During the last years increasing evidence has accumulated that networks in the brain can exhibit “self-organized criticality” [1][3]. Self-organized criticality is one of the key concepts to describe the emergence of complexity in nature and has been found in many systems – ranging from the development of earthquakes [4] to nuclear chain reactions [5]. All these systems exhibit spatial and temporal distributions of cascades of events called avalanches which can be well described by power laws [6][8]. This indicates that the system is in a critical state [6], [9] and that similar dynamic behavior exists across many different scales. Several neural network models have predicted that neural activity might also been organized this way [10][14] and recently this had been confirmed experimentally [1], [15][17]. A recent study by Levina and colleagues [18] addresses the question how self-organized criticality can emerge in such networks in a robust way by using dynamical synapses, which alter their synaptic connection strength on a fast time scale. This contribution, which is able to analytically predict the network behavior, is a theoretical milestone in our understanding of criticality in neural systems. In general, however, theoretical and experimental investigations have so far usually focused on mature networks [1], [16] sometimes including adaptive processes [18][20]. Little is known how developing networks can reach a final state of self-organized criticality [10], [17], [21]. In the current paper, we are therefore experimentally investigating the different stages of developing cortical cell cultures [22] to assess under which conditions these networks develop into a critical state. Specifically we are asking the following questions: 1) do the investigated cell cultures undergo a significant transition in their activity states and how is this related to self-organized criticality and 2) can specific predictions be made with respect to network activity and connectivity which would explain the observed behavior. To address the second aspect we are designing a model to simulate network development, which is based on activity-dependent axonal and dendritic growth leading to homeostasis in neuronal activity [23][28].

Results

Experimental approach

In order to assess how self-organized criticality develops in cell cultures, we have monitored a total of 20 cultures and recorded their activity patterns between 13 and 95 days in vitro (DIV). In general, cultures start with about 500,000 dissociated cortical neurons, which develop over time into an interconnected network. To assess the different network states the activity at 59 electrodes was measured and analyzed at different DIV (see Methods ). Figure 1 A shows 15 minutes of recorded activity for one typical culture at 42 DIV. At this temporal resolution individual bursts are visible as vertical dot-lines indicating activity at almost all electrodes, separated by rather long pauses which allow for robust separation of these bursts required for avalanche analysis. At a fine temporal resolution (Figure 1 B) one sees that the burst activity expresses certain patterns. Note, pauses have been graphically shortened in panels (B) and (C). Panel (C) shows the activity pattern that arises in our model, which at a first glance looks similar to that in the culture. Details about the model and an analysis which support similarity of model and real data, will be provided later. First we would like to describe the developmental stages in the cultures with respect to their avalanche distributions.

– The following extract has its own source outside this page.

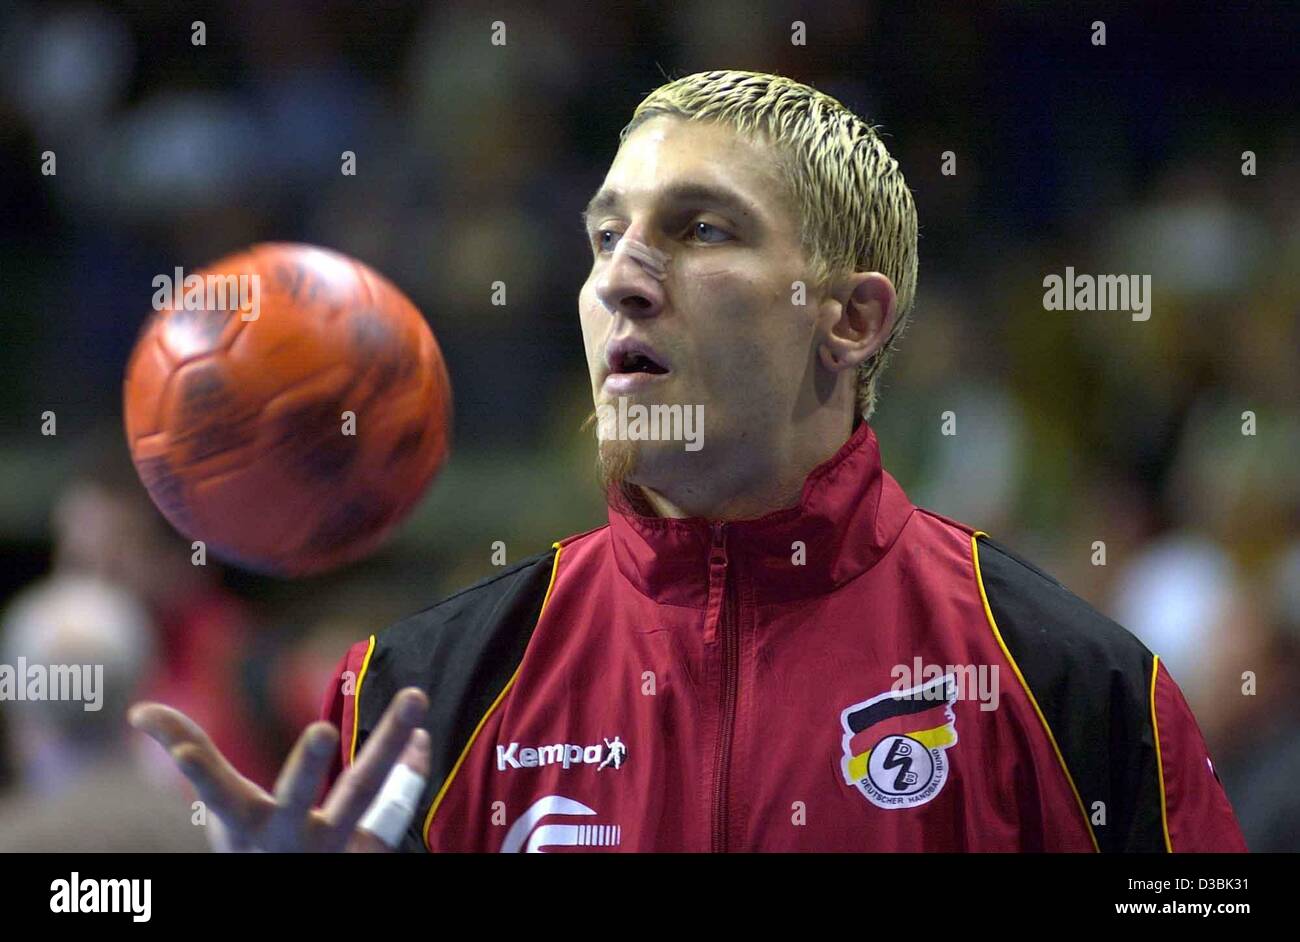 (dpa) - German handballer on the national team Stefan Kretzschmarspins a ball in his hand ready to play during the handball game Germany against Iceland in Berlin, Germany, 22 March 2003. Germany won 39-34. Kretzschmar managed to contribute five goals to the win. Stock Photo

In this work, avalanches are defined by the number of spikes between two windows without activity (see Methods ).

Figure 1. Raster plots at different temporal resolutions for experimental and model data.

Figure 1

They are showing (A) the patterns of high burst-like activity and following pauses and (B,C) the activity patterns during some bursts. For graphical reasons, in panels (B,C) intervals between bursts have been shortened and do not correspond to the true intervals visible in panel (A). Thus scale bars refer only to the bursts.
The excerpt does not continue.